Hiya, PMD, and welcome to the forum.
I'm really sorry for your pain.
My heart goes out to you and to your men.
The heart of successful poyamory is free and open communication between people who love each other. I'm glad to see the three of you have invested so much in establishing that. I know it can be hard work, but it's so important. So kudos to you on that front.
May I make an observation? Your boyfriend, SL, does not share your polyamorous mindset. For many people, that by itself would make a successful relationship a non-starter. (There are, of course, very happy and successful exceptions, such as MonoV and Redpepper and her husband.)
Only the individuals involved can make the decision as to what they can and cannot accommodate in thier lives and hearts. Sadly, SL has now stated that he cannot see himself in a poly relationship. I think it speaks very well of all of you that he was able to speak his mind, and that you and CLP were able to hear him. But I know that doesn't make it hurt any less.

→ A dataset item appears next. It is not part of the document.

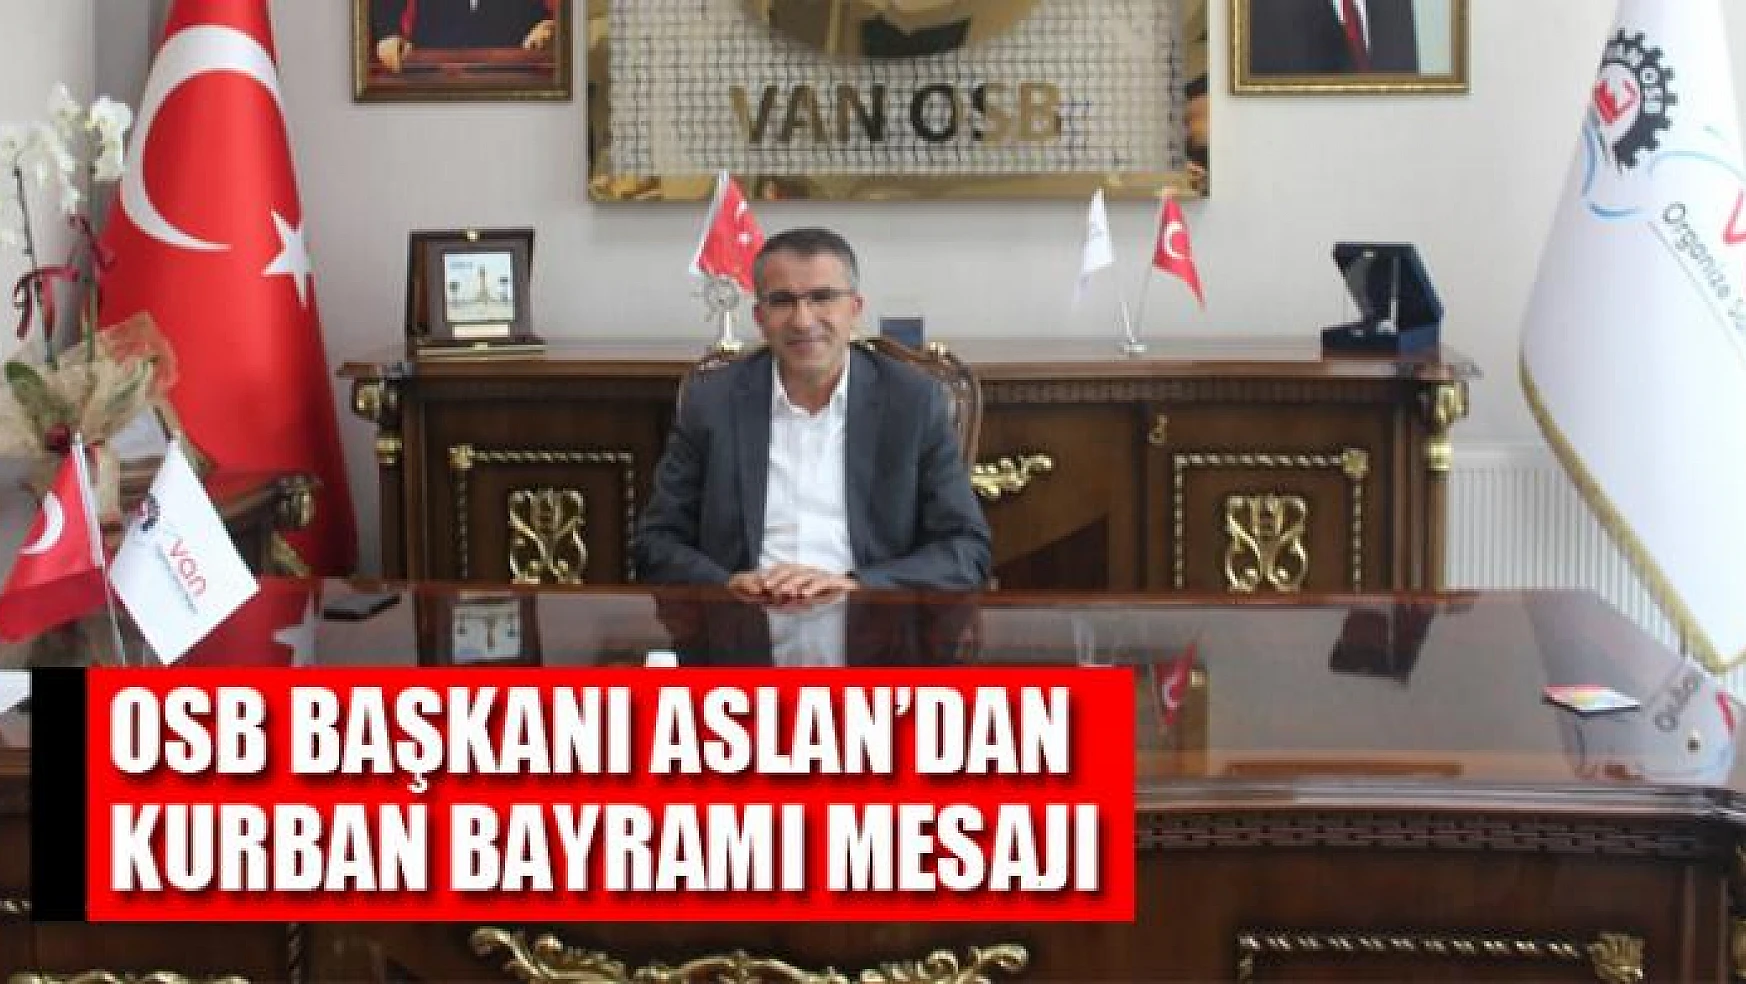 Van OSB Başkanı Aslan'dan Kurban bayramı mesajı

If he loves you and desires a relationship with you, perhaps he sincerely considered poly and has now decided it won't work for him. Or perhaps he hoped you would dissolve your relationship with your Common Law Partner and become his partner, monogamously. Or perhaps he was willing to explore the possibilities, and this is where the exploration lead him.
If he went into the situation with his mind made up, and was only going through the motions of trying to make it work in order to manipulate the situation somehow, that's pretty low and you have every right to feel used and mislead. But perhaps he really didn't know at the outset how he would feel, and is now simply being open and honest about feeling the relationship has no future. And heartbreaking as it is, because he's decided your V is doomed, it is. I'm so sorry.